Annie Marquier fue una niña marcada por la Segunda Guerra Mundial, que sin embargo vivió en el seno de una familia amorosa, en un pueblo del sur de Francia. Ver desde tan temprana edad lo mejor y lo peor de lo que era capaz el ser humano determinó sus inquietudes. Estudió piano, se licenció en Ciencias Exactas y consiguió una plaza de profesora en la Sorbona de París, pero sin encontrar todavía respuesta a todas sus preguntas.

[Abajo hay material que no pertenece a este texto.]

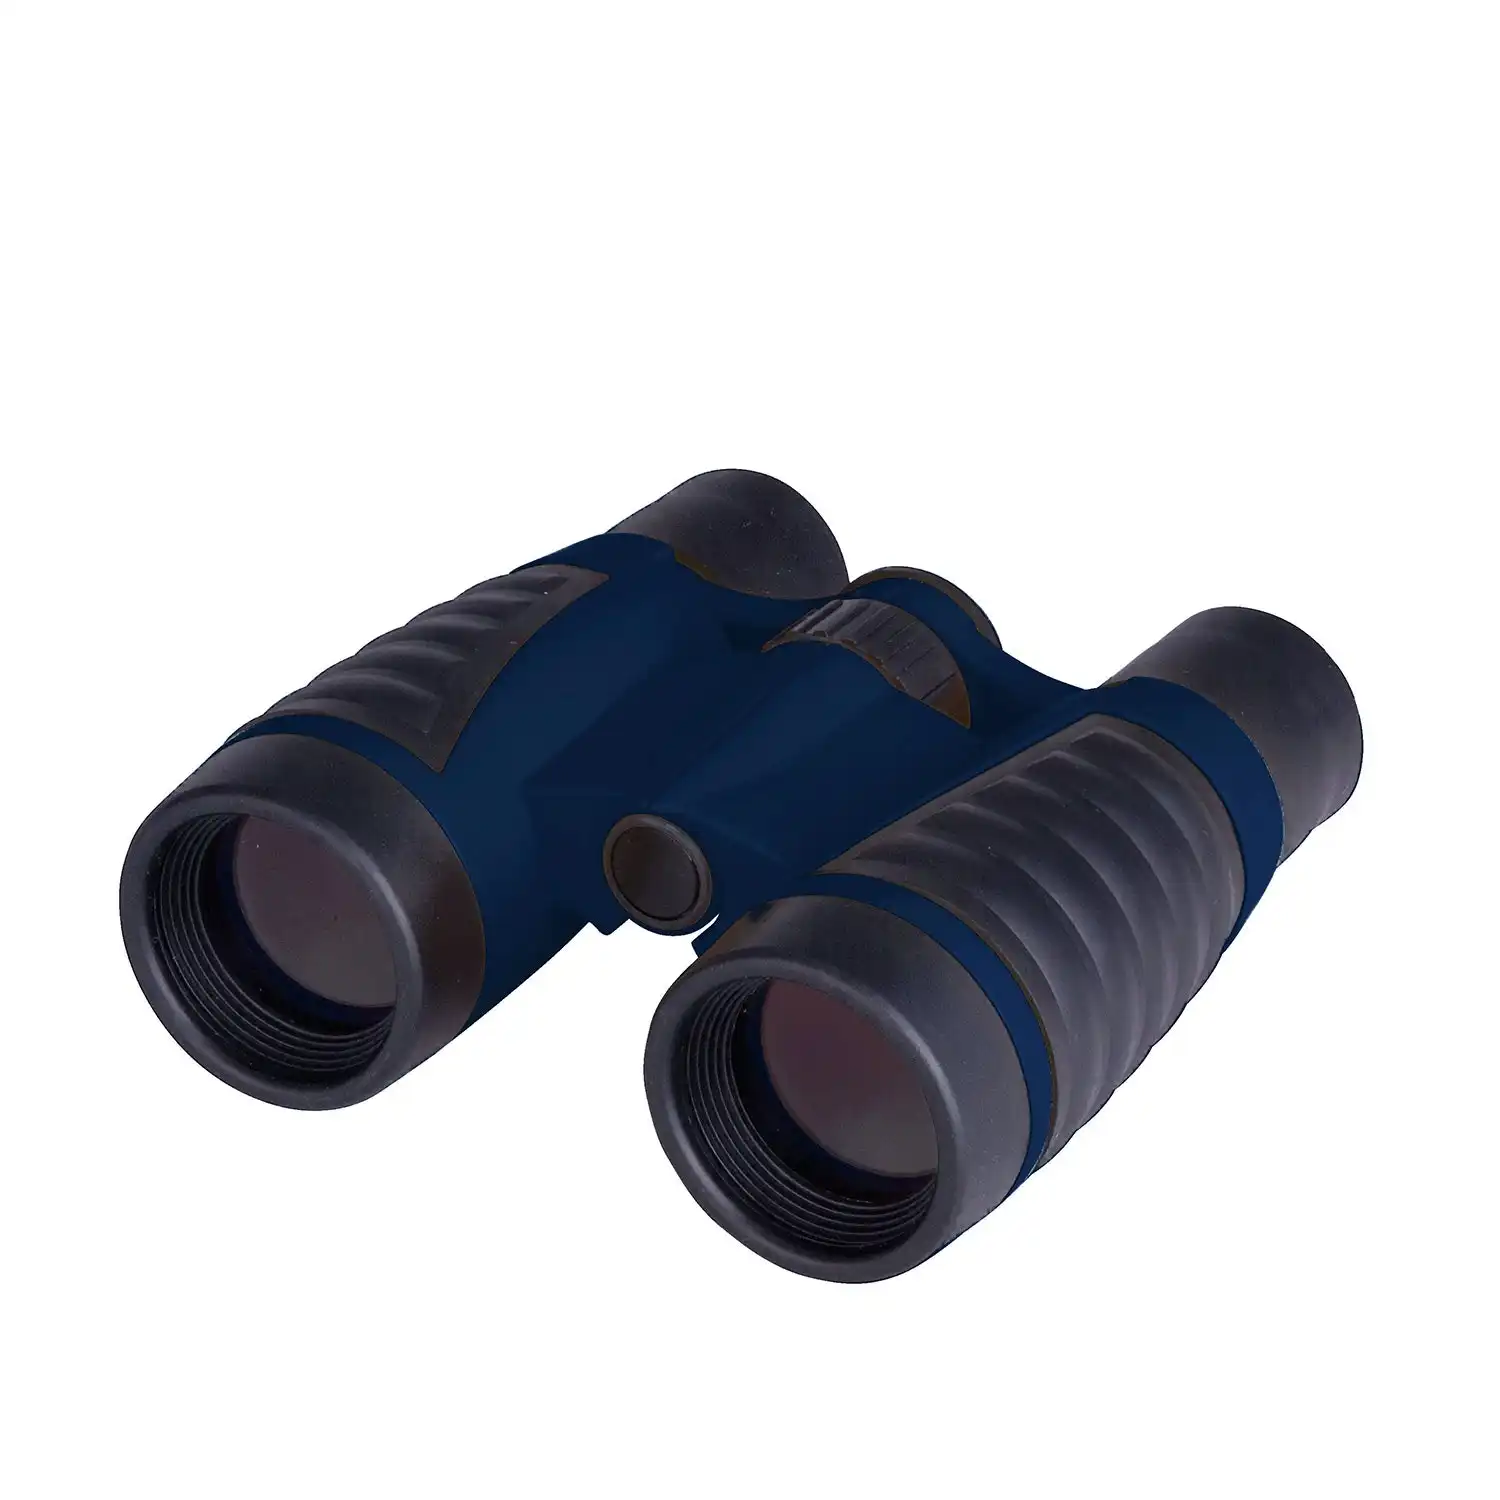 Kids Binoculars 4x30 Adjustable Lightweight Gift for Bird Watching Outdoor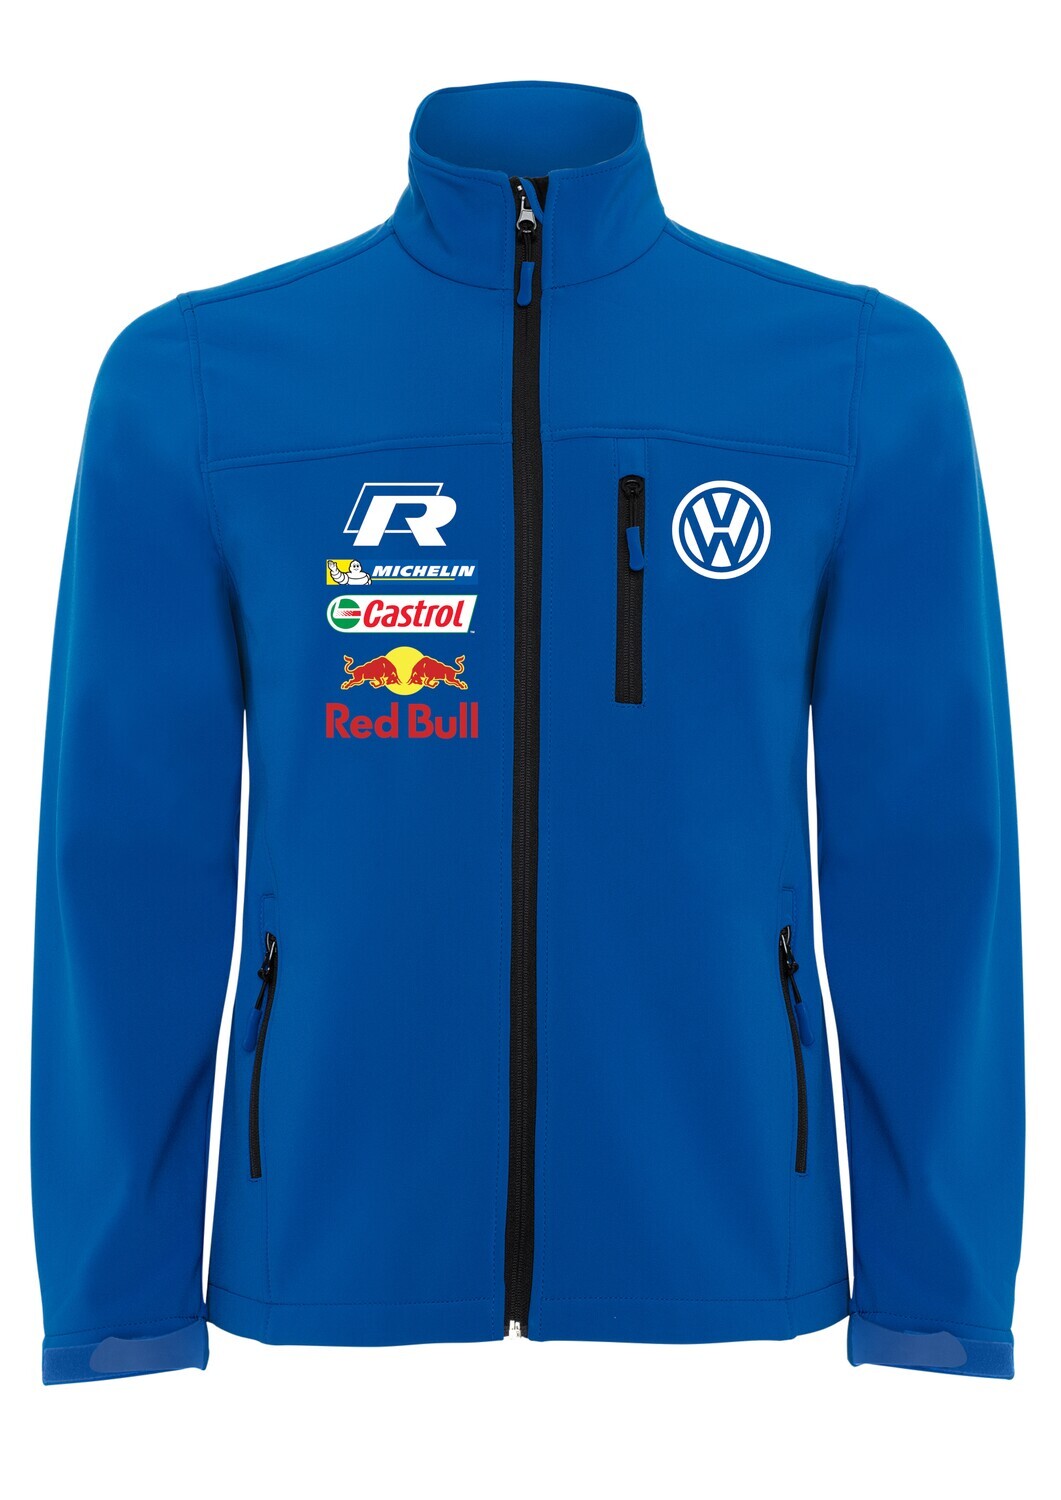 Volkswagen Rline Racing softshell jacket

Se instaló entonces un año en la India, se sumergió en el estudio de antiguas tradiciones espirituales y más tarde se acercó a la psicología transpersonal. Desde el año 1982 dirige en Canadá el Instituto para el Desarrollo de la Persona (Institut du Développement de la Personne), donde impulsa talleres y cursos de formación. Y es autora de libros como El poder de elegir, La libertad de ser y El maestro del corazón, publicados por la editorial Luciérnaga y en los que sintetiza sus diferentes conocimientos.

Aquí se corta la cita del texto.